NTA. You stated your boundaries and they should respect them because at the end of the day you get the last say not them. You should just block them everywhere and put this behind you because they have no right to disrespect you like that.

ScifiEmma wrote:

So he chose to leave you with a terrible ab-sive mother instead of taking you to safety? Come on. Does he not see how that's worse?

OP responded:

None of them do. I was meant to feel bad for him.

Victor-Grimm wrote:

NTA-File for harassment and then get the court stuff from your mom showing he failed to pay 18 years of child support. Say once that is paid in full then you can talk.

OP responded:

I can't yet. I don't have enough evidence. The authorities said to come back when I have that.

l3ex_g wrote:

NTA I would look into any services that will help you go after him for the back child support. Maybe you can get his license taken away or his wages garnished since he wants to har-ss you through his wife and kid.

OP responded:

Even if it's not him leading this I have talked to my mom about trying. We both agree either he f--ked himself over or his wife and their daughter did but either way we don't care and he needs to pay now.

JTBlakeinNYC wrote:

NTA. Retired attorney here. My guess is that they want you to sign off on forgiving your father’s child support debt. It isn’t dischargable in bankruptcy and cannot legally be waived by the custodial parent on the child’s behalf because the right to support belongs to the child, not the parent.

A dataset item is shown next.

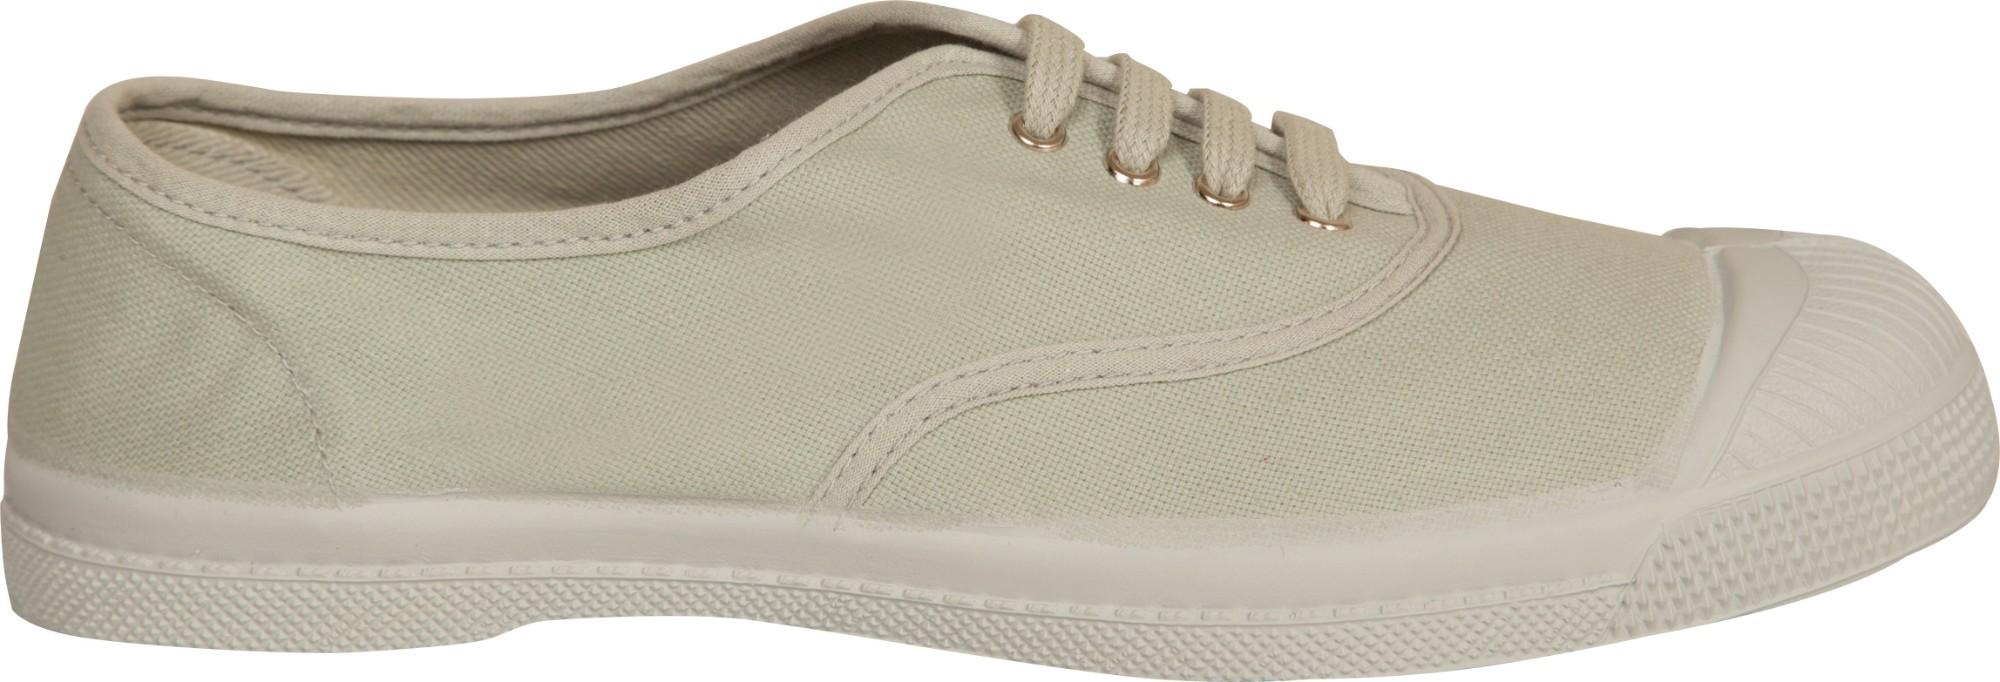 BENSIMON Tennis Colorsole Green/Grey 39

Some states allow adult children to sue noncustodial parents for child support arrears; I would contact the child support enforcement office in your jurisdiction to see if you can make a claim.

OnlyThePhantomKnows wrote:

NTA. If a set of strangers demanded that you become friends with them, would you feel bad for telling them to go away? This smells like a "let's be friends, now that we are friends can you rescue me from this disaster" thing.

Tell them you will meet with them, if your dad pays with certified check to your mom ALL of the child support owed, plus all the legal fees she wracked up BEFORE the meet. If it is important to him, he has a path to prove that he is sincere. And I am sure you can suck it up for a few hours and talk to these people to help your mom out.